J’ai glissé un pied dans l’eau, puis l’autre. Je m’attendais à quelque chose de plus froid. Quelqu’un passe, s’arrête une seconde au bout de la ligne, et repart d’une brasse mal assurée.
Ça fait plus de 15 ans que je n’ai pas été nager. Mon maillot de bain est neuf, les lunettes aussi. J’anticipe le regard des autres sur ma peau, sur mon poids, et je glisse dans le bassin.
Je peine déjà à reprendre mon souffle sans avoir commencé. Je lave mes lunettes, j’ajuste le bonnet.

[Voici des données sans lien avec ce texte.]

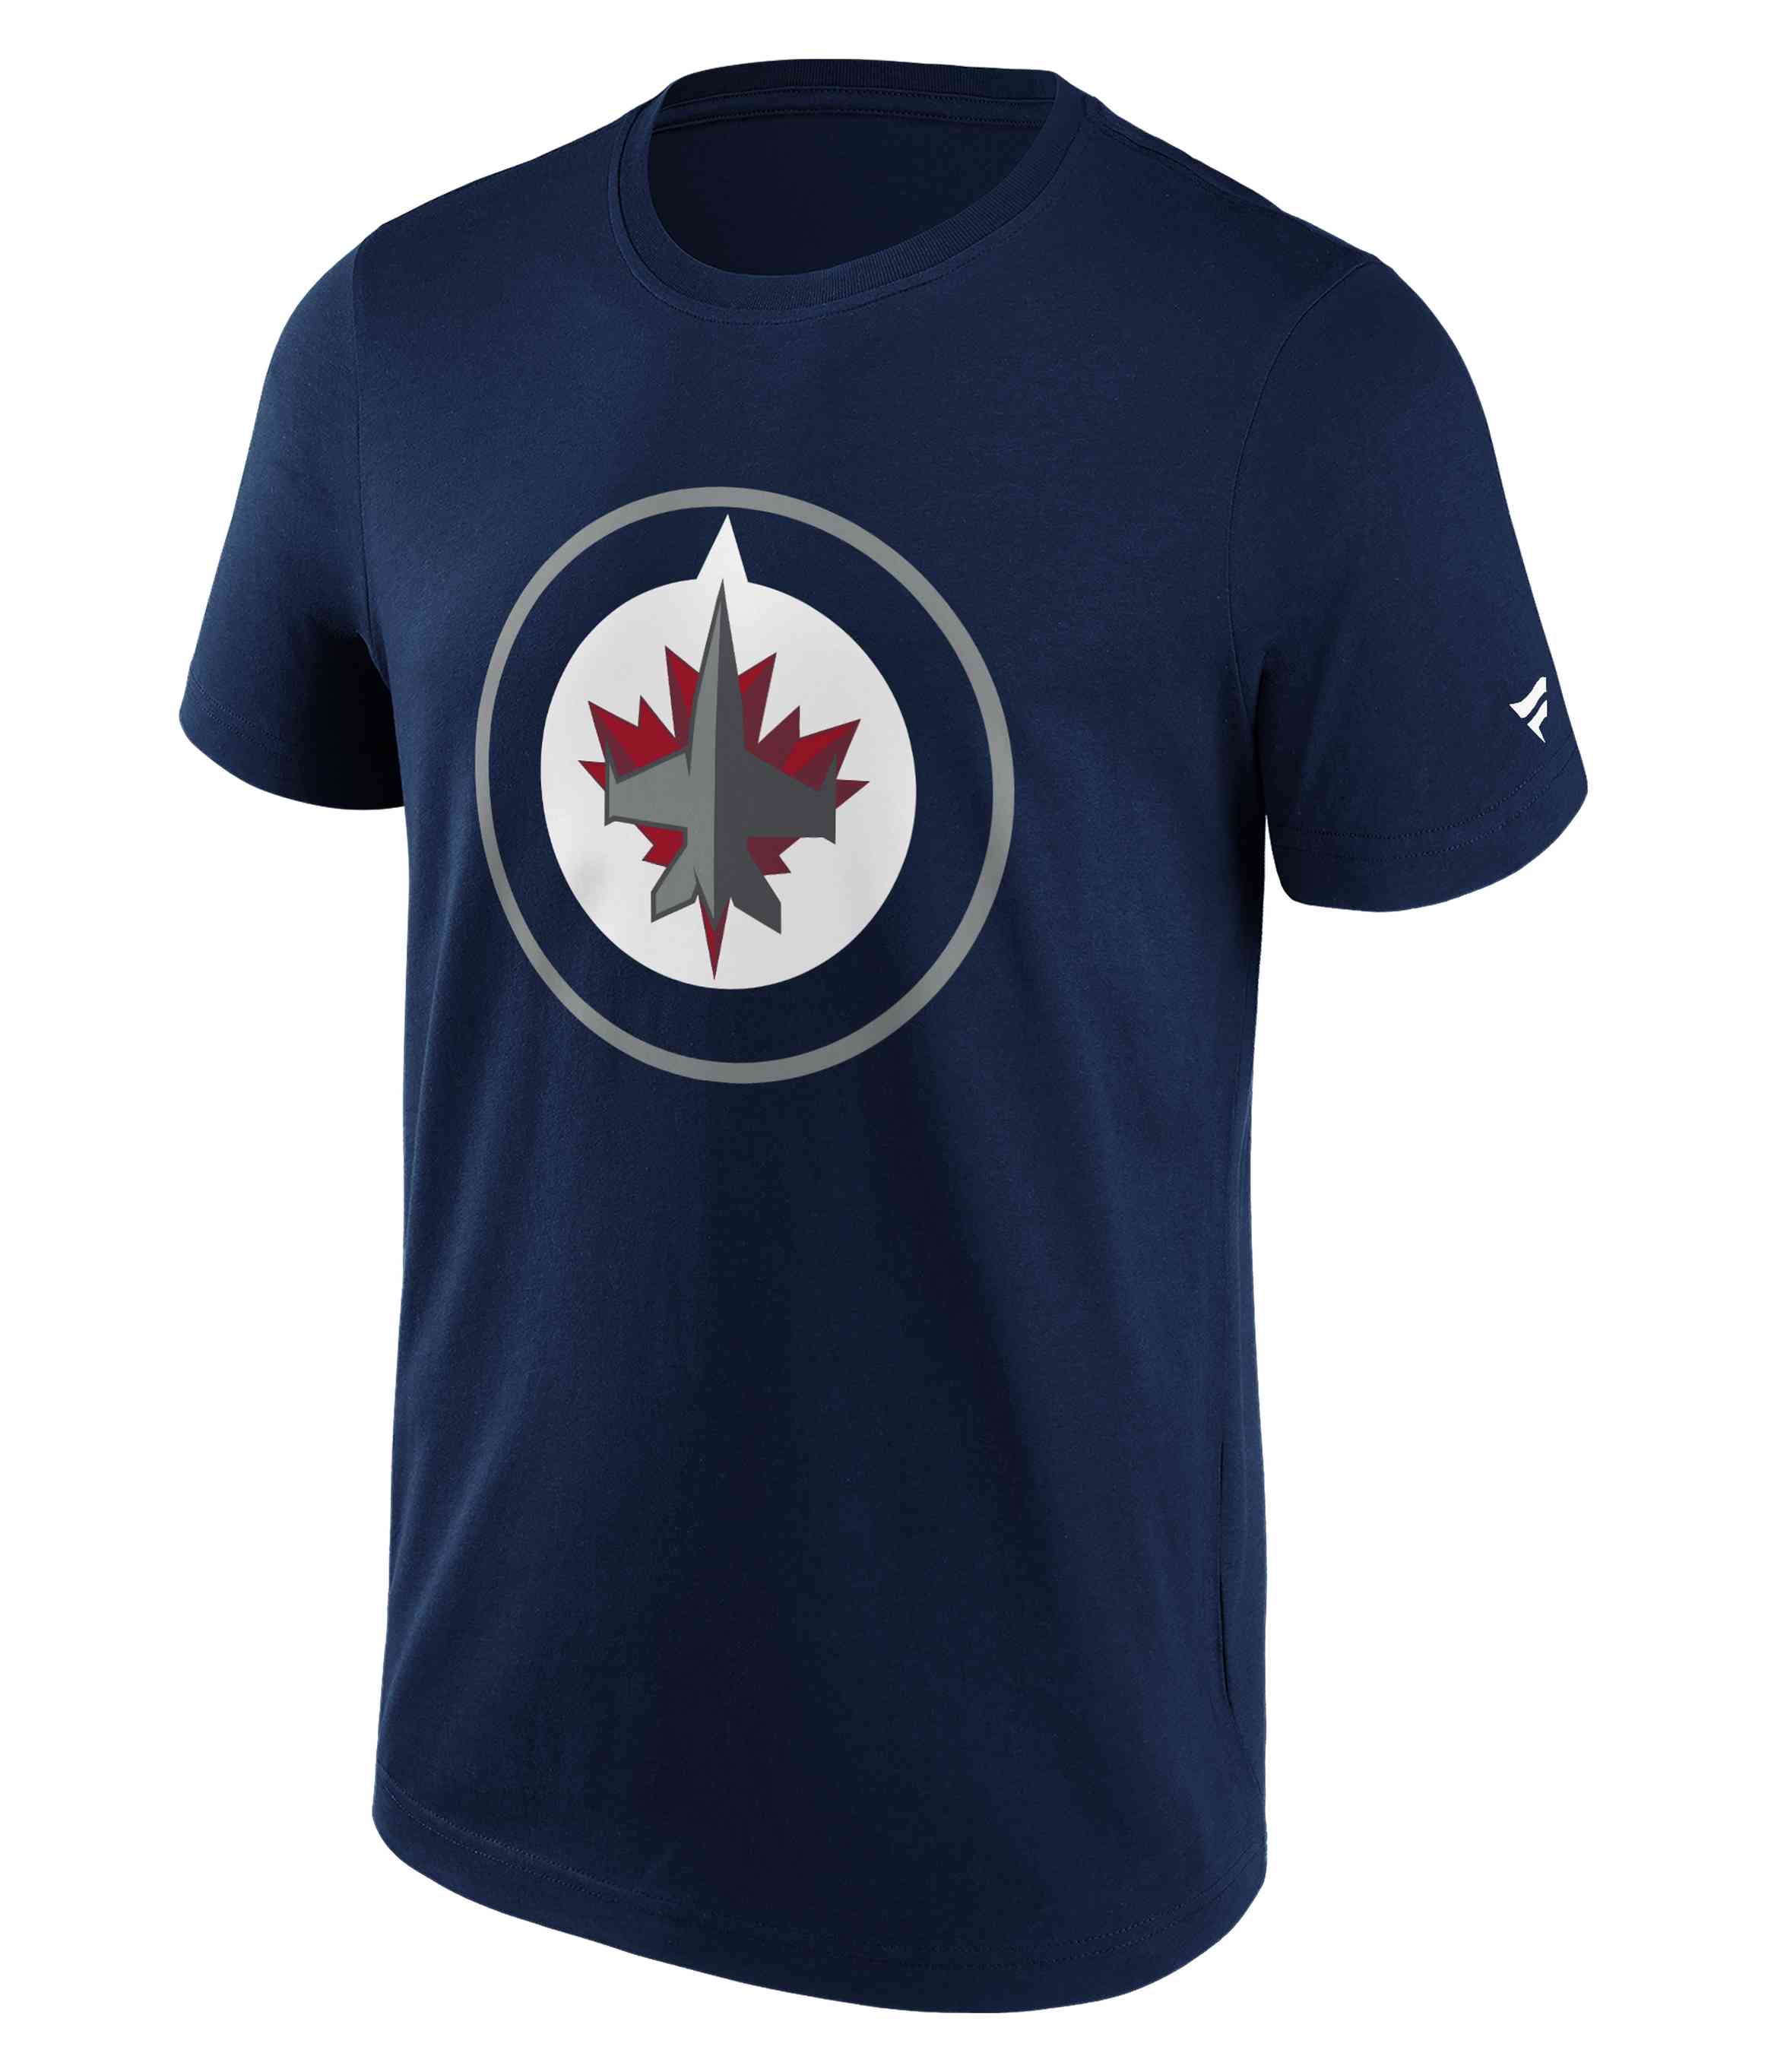 Fanatics - NHL Winnipeg Jets Primary Logo Graphic T-Shirt

L’envie m’a pris en juin, après une visite à domicile. Il faisait déjà assez chaud, je ne faisais plus de sport et ça me manquait. Je suis passé devant le plongeoir d’une piscine du quartier. Il n’y avait personne, l’eau était incroyablement calme à travers la baie vitrée.

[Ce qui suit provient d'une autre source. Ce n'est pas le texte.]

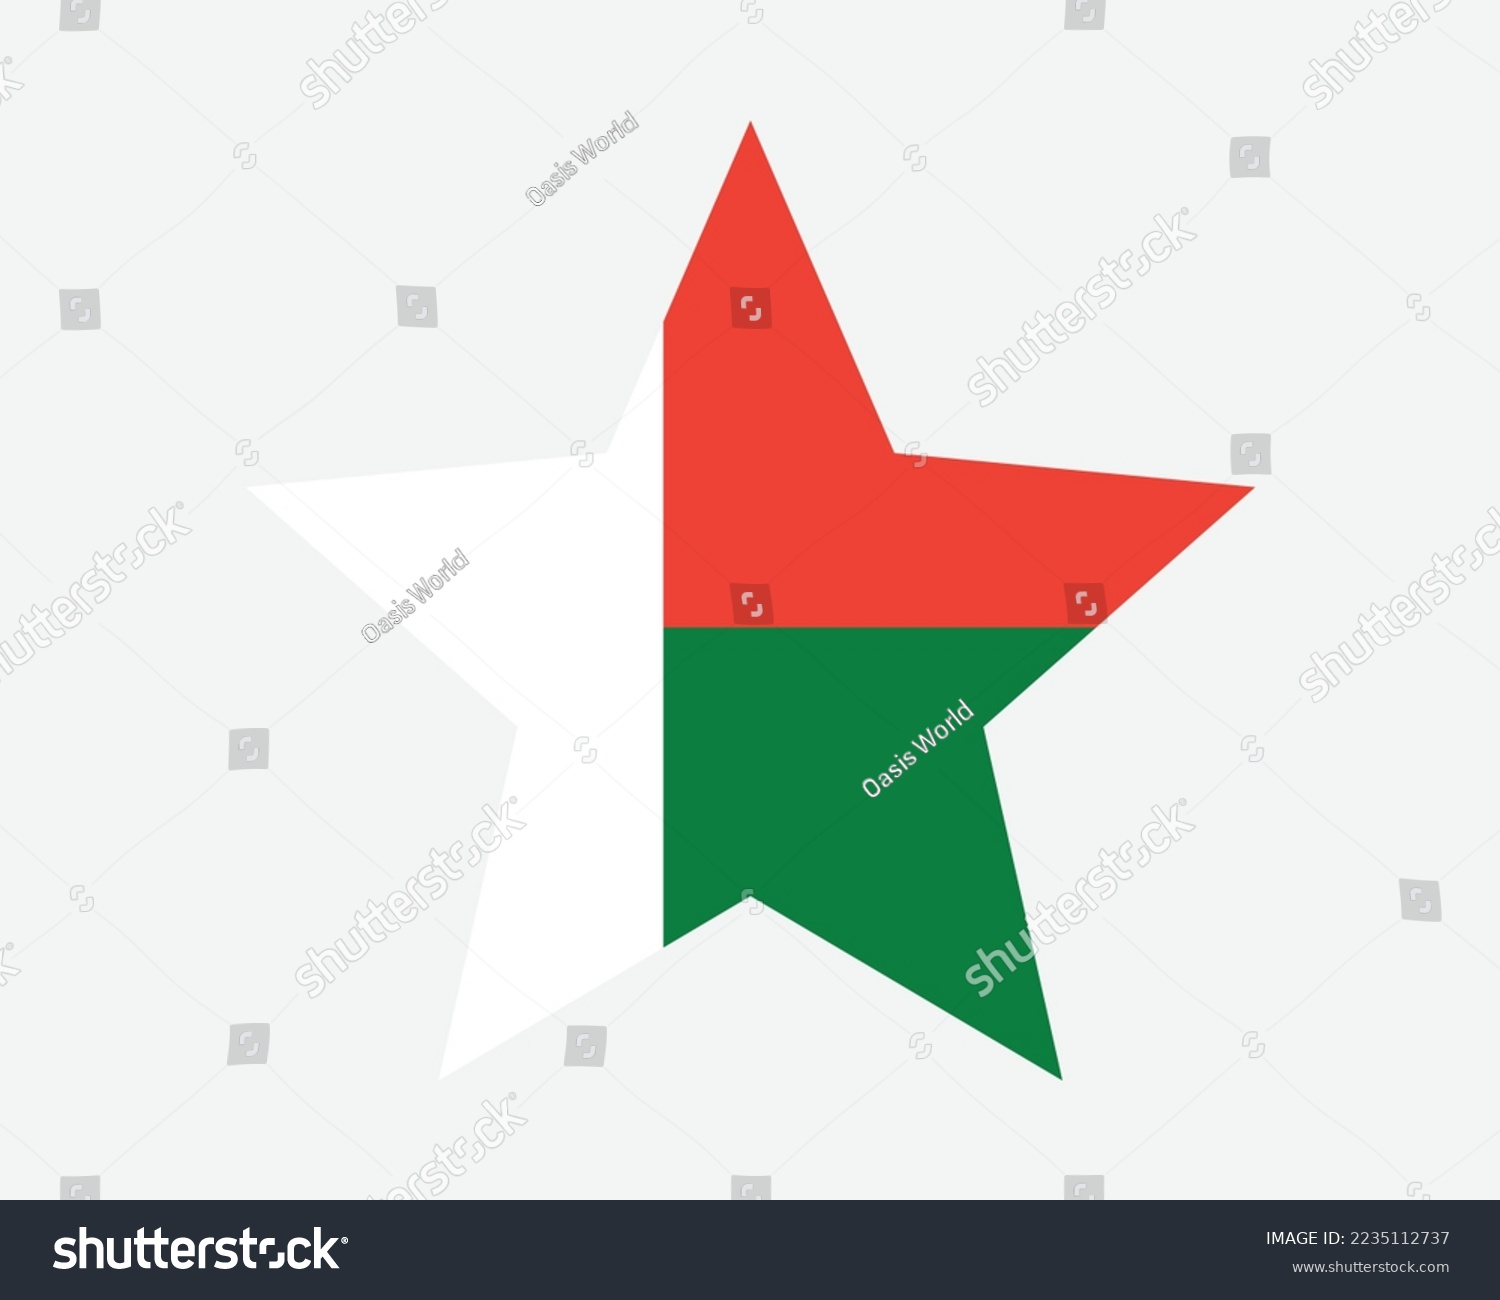 SVG of Madagascar Star Flag. Malagasy Star Shape Flag. Country National Banner Icon Symbol Vector Flat Artwork Graphic Illustration svg

J’étais monté au plongeoir de cinq mètres, pour la première fois, à une piscine où j’allais avec ma grand-mère l’été. Elle se mettait sur la pelouse avec un livre, et ma sœur et moi nous nous mêlions aux autres ados qui essayaient d’occuper leurs vacances. Mes orteils était accrochés au bord de la plateforme en béton, comme pour m’éviter la chute. La hauteur avait l’air vraiment plus haut depuis le sommet.
J’ai presque honte de mes motivations de l’époque. Si mon moi du passé lit ces lignes, la bonne réponse était d’aller parler aux filles, pas de faire des blagues en faisant des bombes pour essayer de les impressionner.
Mais on est bête quand on a 14 ans.
J’ai fait beaucoup de natation quand j’étais au collège, assez pour avoir un bagage technique et une aisance, jusqu’à ce que mon image corporelle ne me fasse arrêter. Les mouvements me reviennent étrangement vite. Ma tête se vide, concentrée sur l’effort, faisant brièvement taire mon monologue interne. Il n’y a que moi, l’eau, l’oxygène à aller chercher à la surface, cette impression d’apesanteur merveilleuse ; la seule chose à faire, c’est d’atteindre le bout de la ligne.